Нетронутыми лежали где-то в таинственной глубине полученные по наследству и дремавшие в неясном существовании «возможностей» силы, с первым светлым лучом готовые подняться ему навстречу. Но окна остаются закрытыми: судьба мальчика решена — ему не видать никогда этого луча, его жизнь вся пройдет в темноте!..
И темнота эта была полна призраков.
Если бы жизнь ребенка проходила среди нужды и горя — это, быть может, отвлекло бы его мысль к внешним причинам страдания.
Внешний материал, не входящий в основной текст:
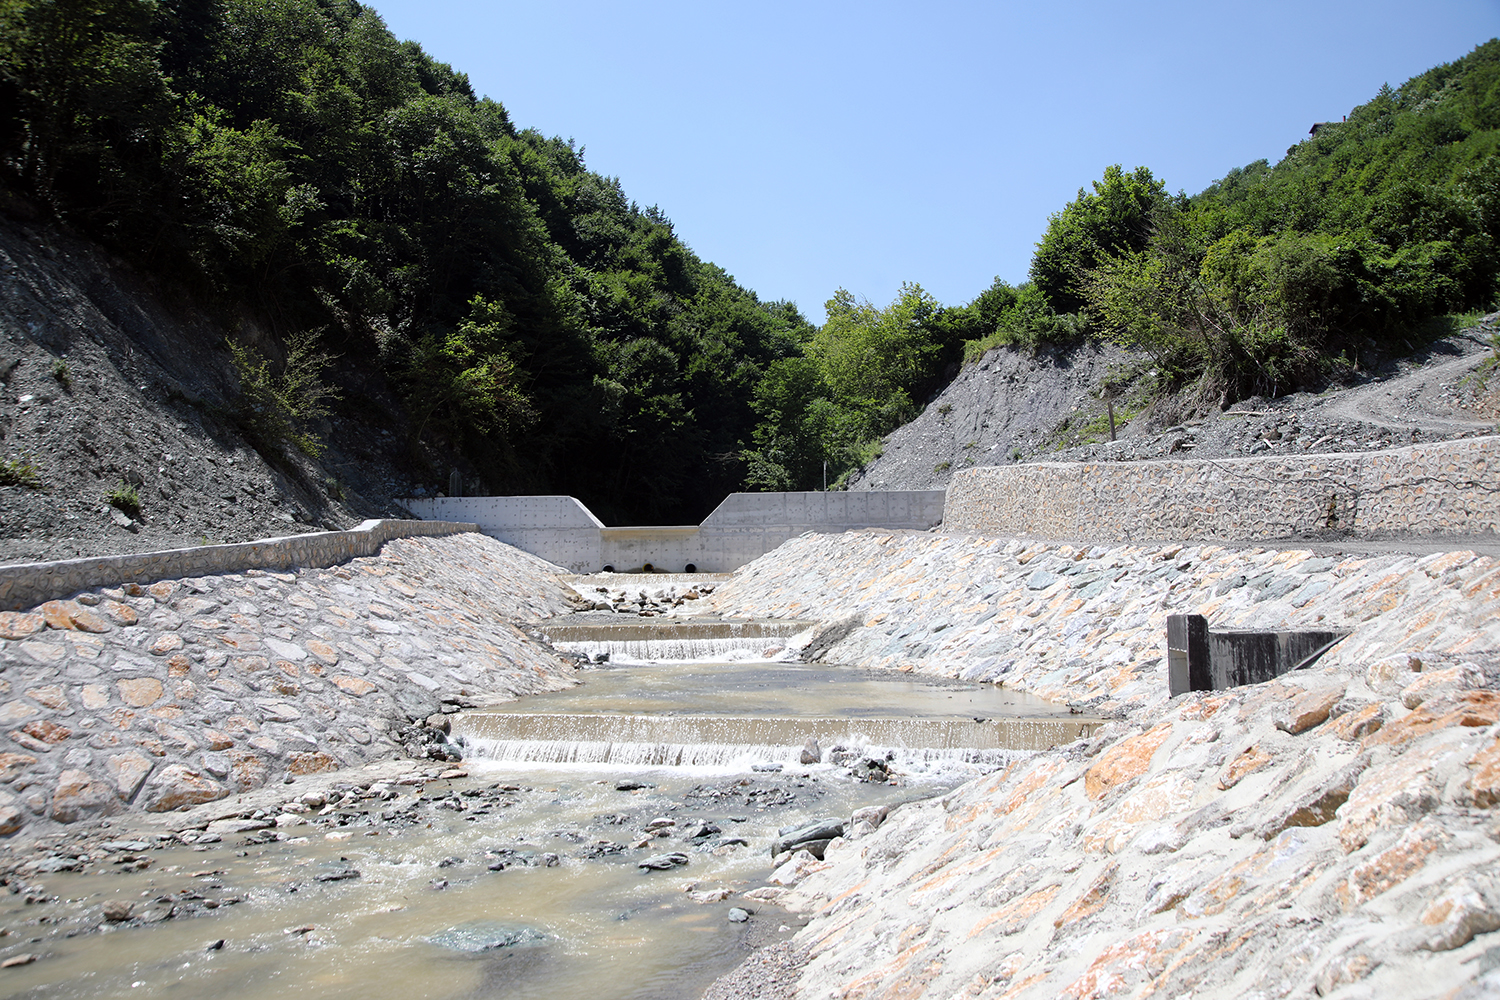 Her yönüyle ilklerin projesi Akçay Barajı

Но близкие люди устранили от него все, что могло бы его огорчать. Ему доставили полное спокойствие и мир, и теперь самая тишина, царившая в его душе, способствовала тому, что внутренняя неудовлетворенность слышалась яснее. Среди тишины и мрака, его окружавших, вставало смутное неумолкающее сознание какой-то потребности, искавшей удовлетворения, являлось стремление оформить дремлющие в душевной глубине, не находившие исхода силы.
Отсюда — какие-то смутные предчувствия и порывы, вроде того стремления к полету, которое каждый испытывал в детстве и которое сказывается в этом возрасте своими чудными снами.
Отсюда, наконец, вытекали инстинктивные потуги детской мысли, отражавшиеся на лице болезненным вопросом. Эти наследственные, но не тронутые в личной жизни «возможности» световых представлений вставали, точно призраки, в детской головке, бесформенные, неясные и темные, вызывая мучительные и смутные усилия.